In this study we used eye-tracking and diffusion modelling to investigate age-related changes in spatial memory for object locations. To ensure that the task did indeed address spatial memory and could not simply be solved by image comparisons, we introduced perspective shifts in two-thirds of the trials (Nardini, Thomas, Knowland, Braddick, & Atkinson, 2009). To investigate potential age-related differences in the resolution of spatial representations, we changed the spatial configuration between encoding and test by either swapping clusters of objects (coarse change) or by rotating a cluster within a scene (fine-grained change).

As expected, and in line with earlier research, we found that older adults had overall greater difficulties with the task than younger adults (cf. Hartley et al., 2007; Montefinese et al., 2015; Muffato et al., 2019), which was reflected in performance and drift rate differences between age groups.
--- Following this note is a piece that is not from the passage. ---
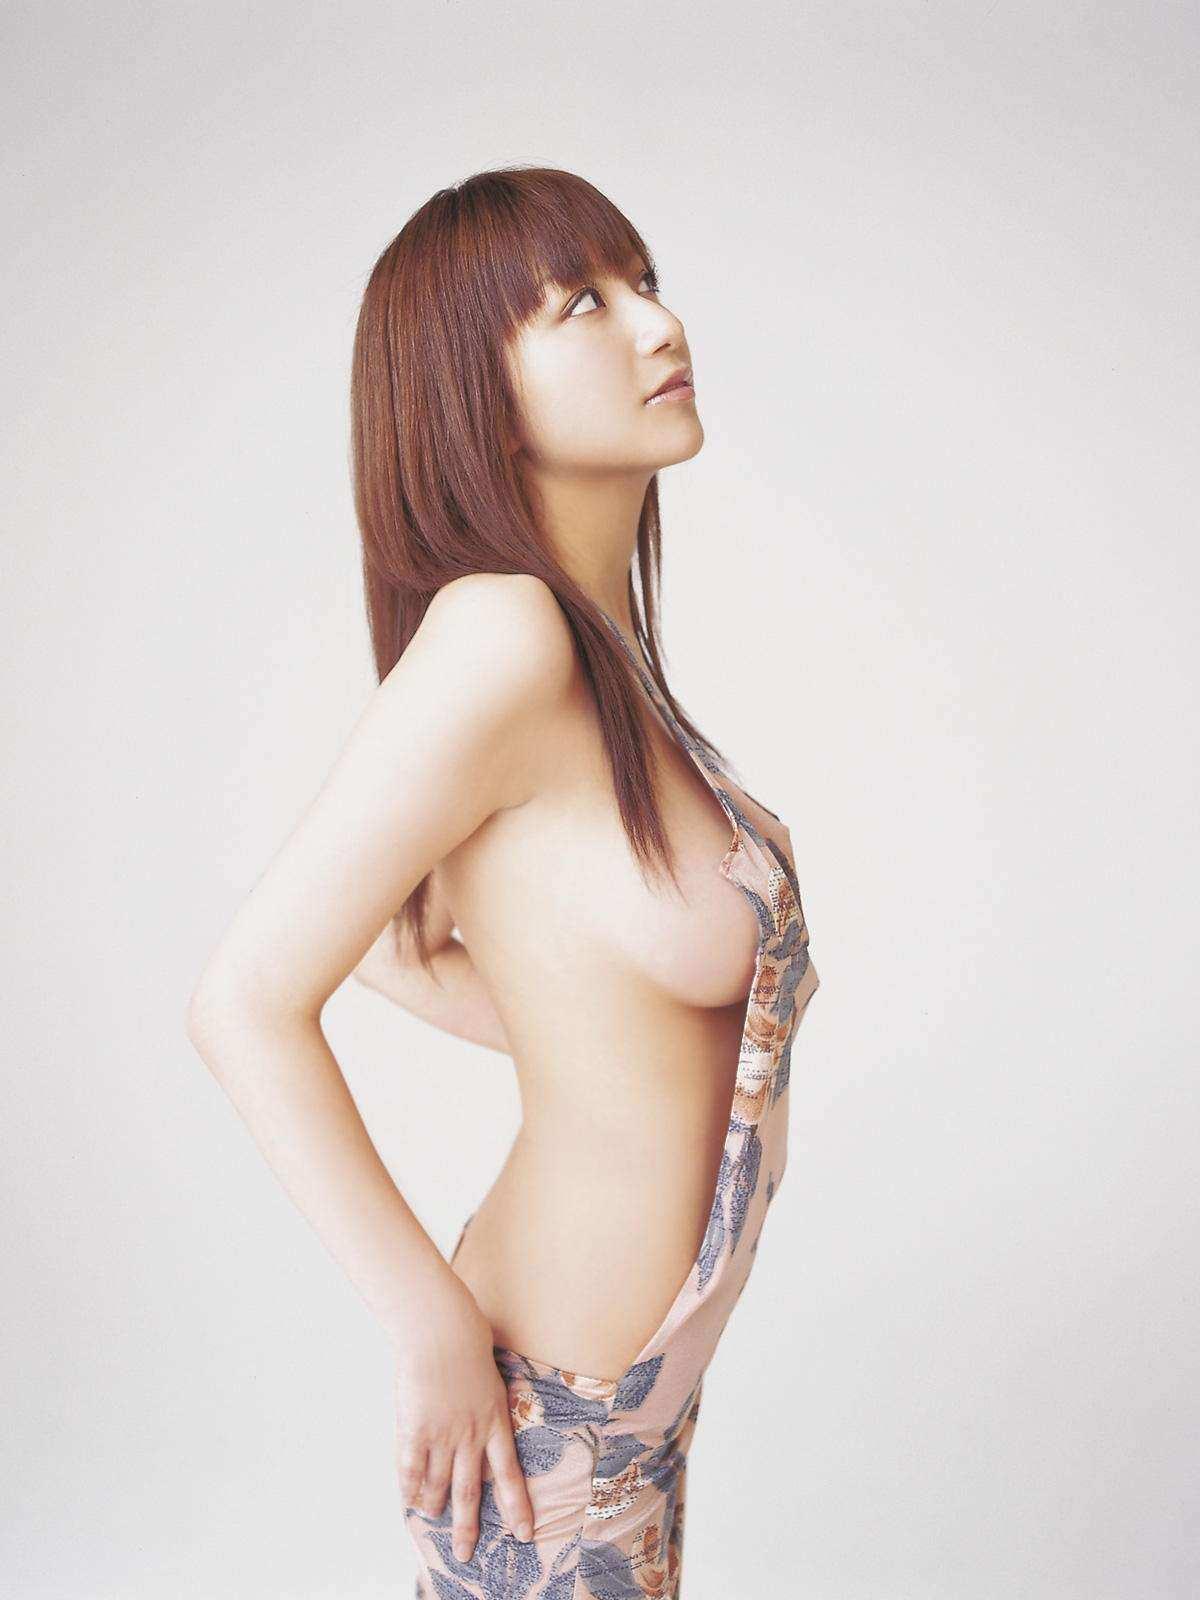 ハミ乳衣装着た女の子 23

We also found that older adults were generally more conservative in their decision making and needed to accumulate more information prior to deciding on a response. The introduction of perspective shifts between encoding and test negatively affected performance in both age groups. Performance and drift rates were lower in the Rotate condition, which required more fine-grained spatial representations than the Swap condition. In addition, both age groups became more conservative with the introduction of a perspective shift and in the Swap condition, but this effect was more pronounced in older adults. We also found differences in gaze behaviour between younger and older adults, suggesting differences in encoding strategies.
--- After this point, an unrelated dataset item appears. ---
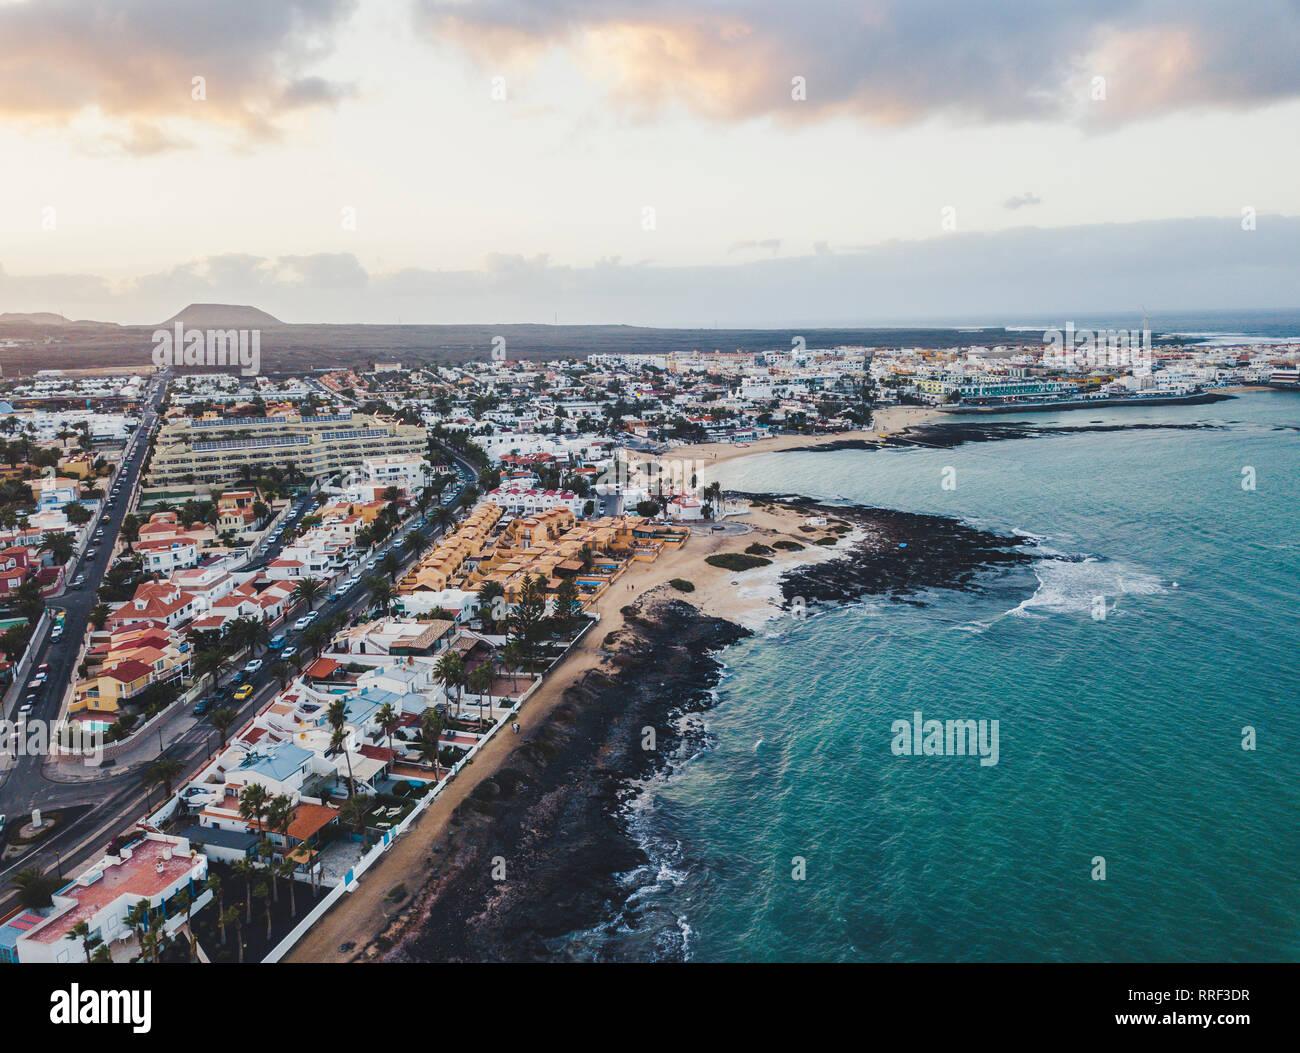 Malerische Luftaufnahme der Stadt am Meer Stockbild

The lower sensitivity to detect changes and the lower drift rates in older adults suggest that they had greater difficulty in detecting whether or not object positions within the room had changed. These results are in line with previous research demonstrating age-related deficits in memory for layouts of objects or environmental features experienced from different perspectives during encoding and recall (Hartley et al., 2007; Montefinese et al., 2015; Muffato et al., 2019). Given that the target objects were present in learning and test, it is likely that age-related reductions in performance were in part driven by an inability to successfully bind the objects in the array to their specific locations (Muffato et al., 2019). The current study builds on previous research and suggests that an age-related decline in object-location binding is not mediated by the presence or absence of visual and geometrical cues (Muffato et al., 2019). The decline in older adults’ performance can be explained by age-related functional and morphological changes in the hippocampal circuit (Antonova et al., 2009; Meulenbroek et al., 2004; Moffat et al., 2007), which is crucial for development of spatial memories and manipulation of spatial memories to allow for perspective taking (King et al., 2002) as well as object-location binding (Postma & van der Ham, 2016; Zimmermann & Eschen, 2017).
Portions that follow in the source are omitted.